_DATA EXCERPT_
——————————

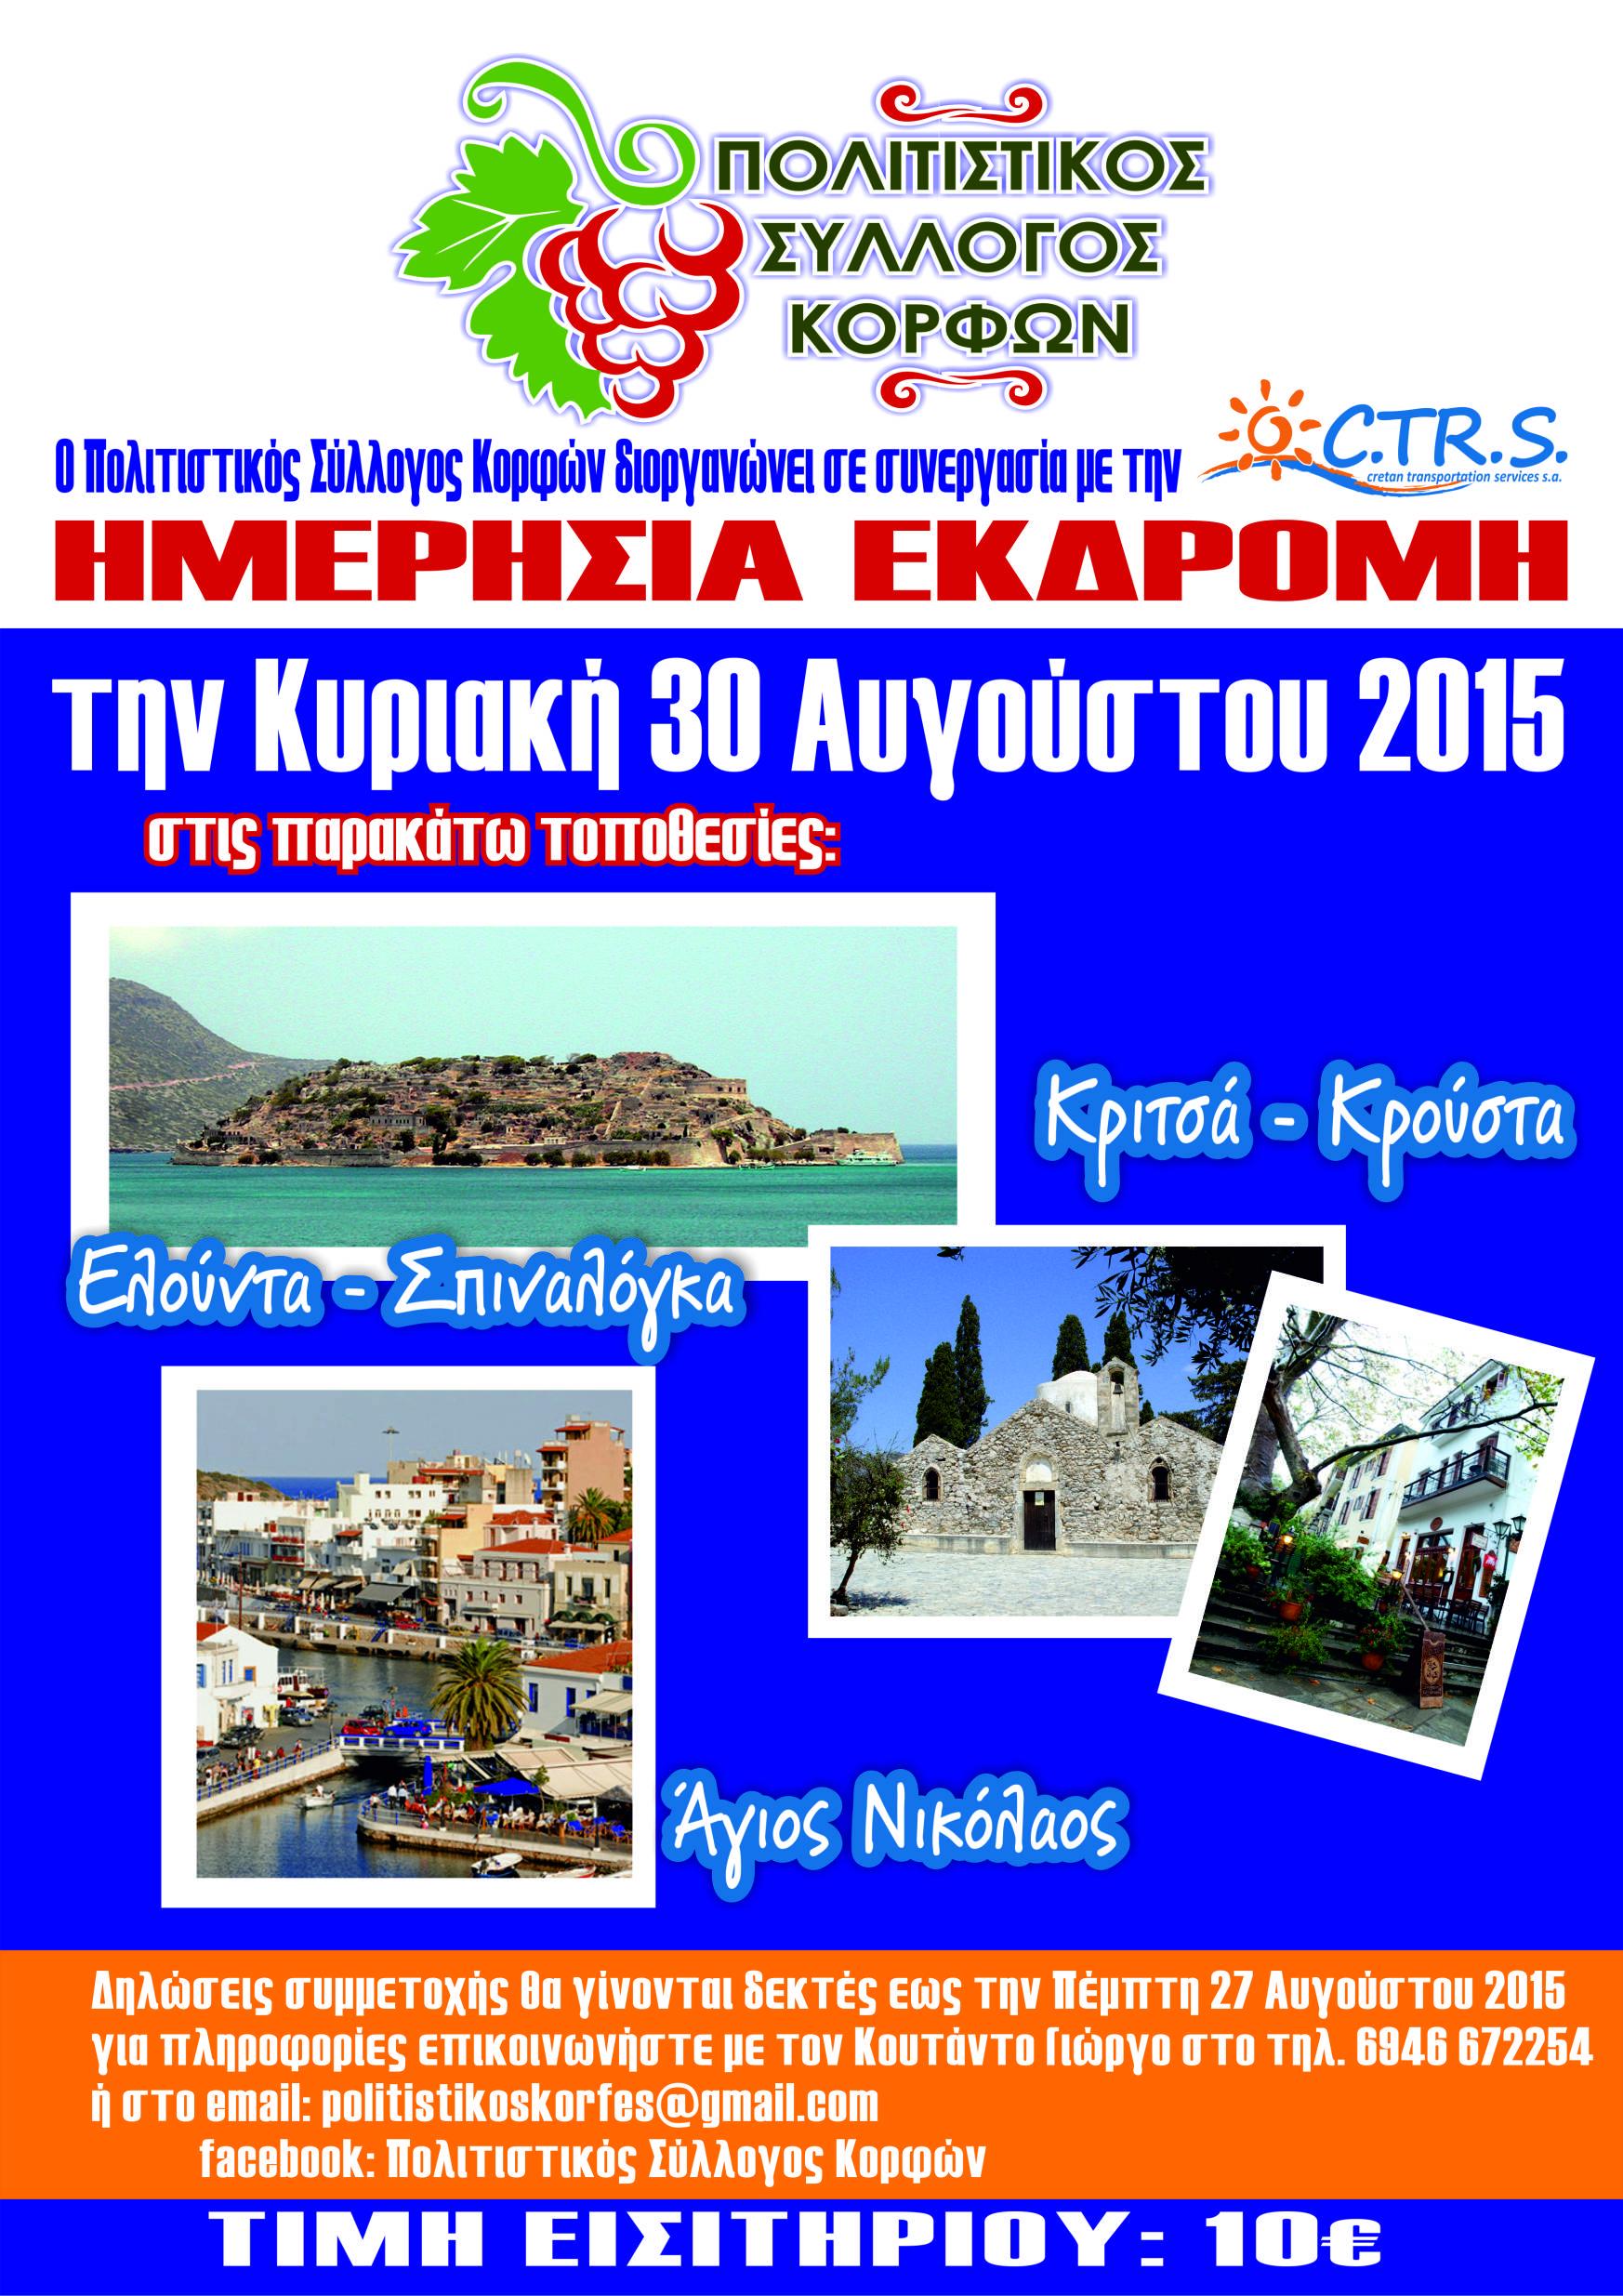 Π.Σ Κορφών - Ημερήσια Εκδρομή 30-8-2015
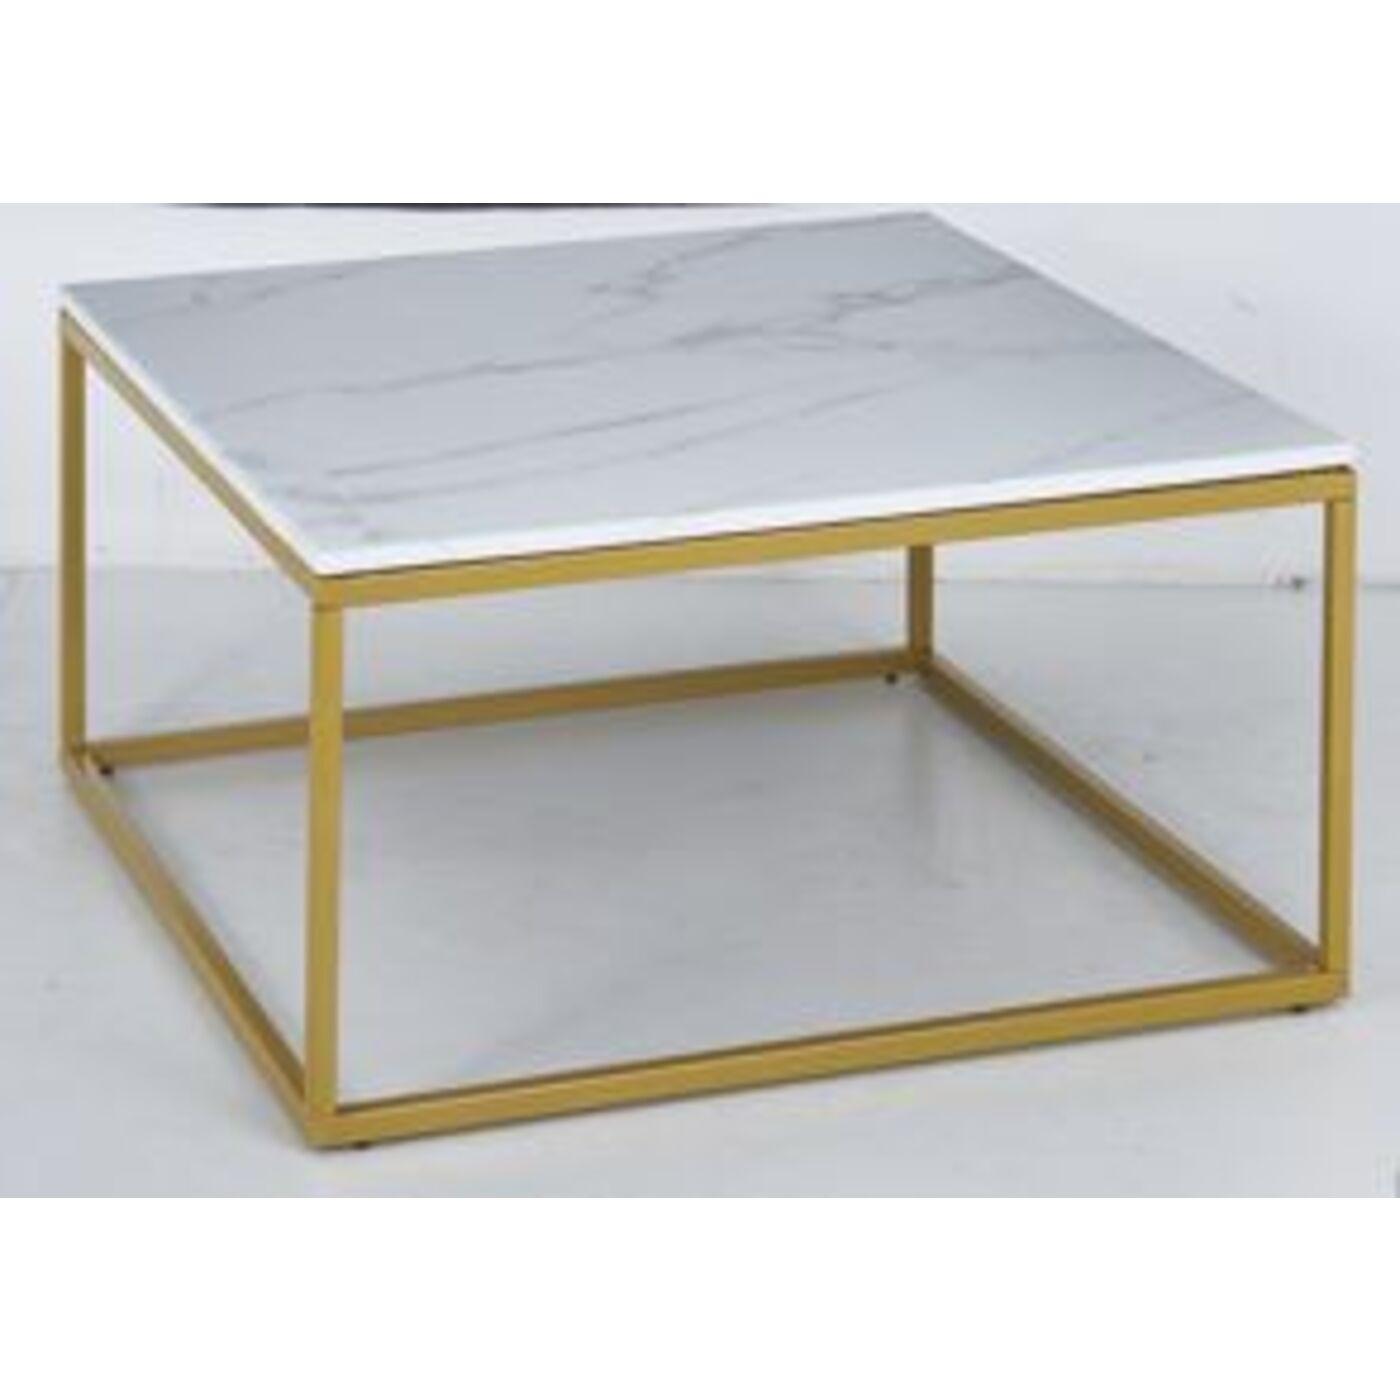 Couchtisch Key West Marble Gold 90x90cm
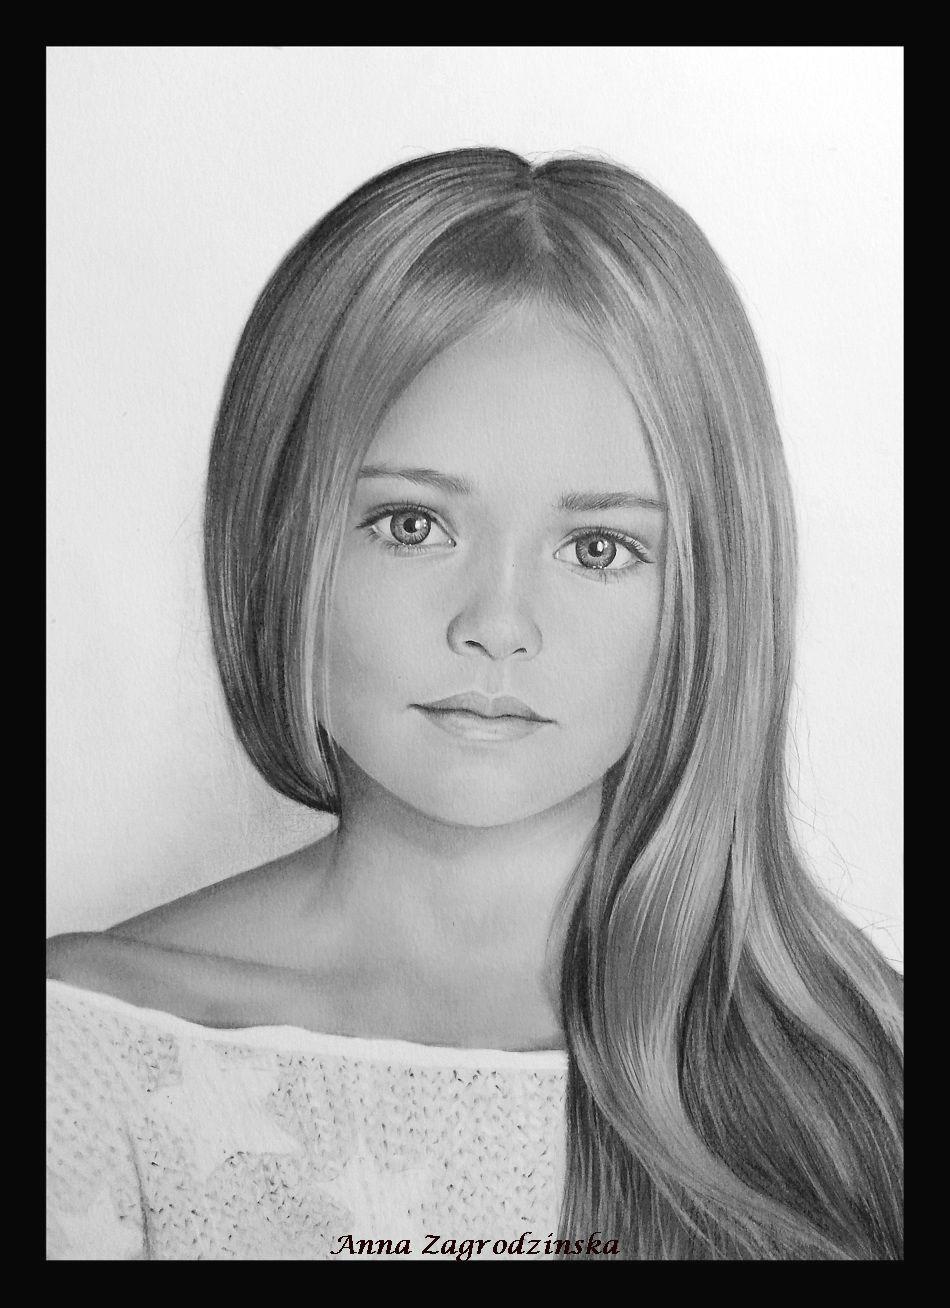 Dessin dessin portrait d 39 une fille - Dessins de filles ...
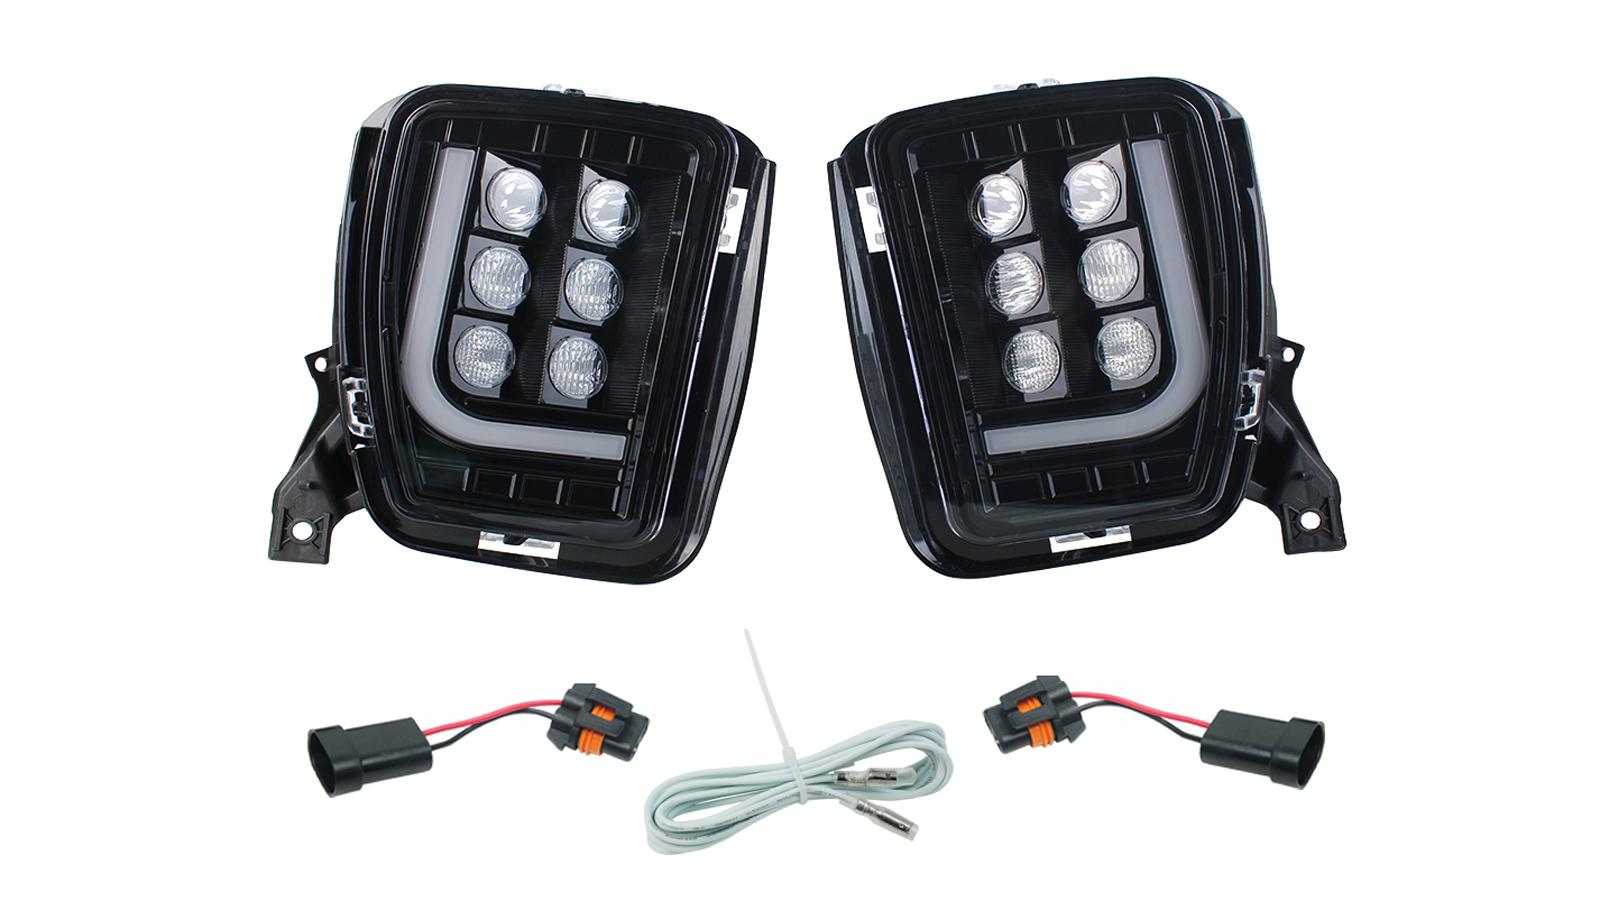 Sostituzione del gruppo di fendinebbia a LED per DODGE RAM 1500 Pickup 2013-2017 con luci di marcia diurna

——————————

_WHAT THE TASK ASKS_
Repeat every line above precisely; pictures do not belong in the copy.

_ANSWER BELOW_
 Π.Σ Κορφών - Ημερήσια Εκδρομή 30-8-2015
 Couchtisch Key West Marble Gold 90x90cm
 Dessin dessin portrait d 39 une fille - Dessins de filles ...
 Sostituzione del gruppo di fendinebbia a LED per DODGE RAM 1500 Pickup 2013-2017 con luci di marcia diurna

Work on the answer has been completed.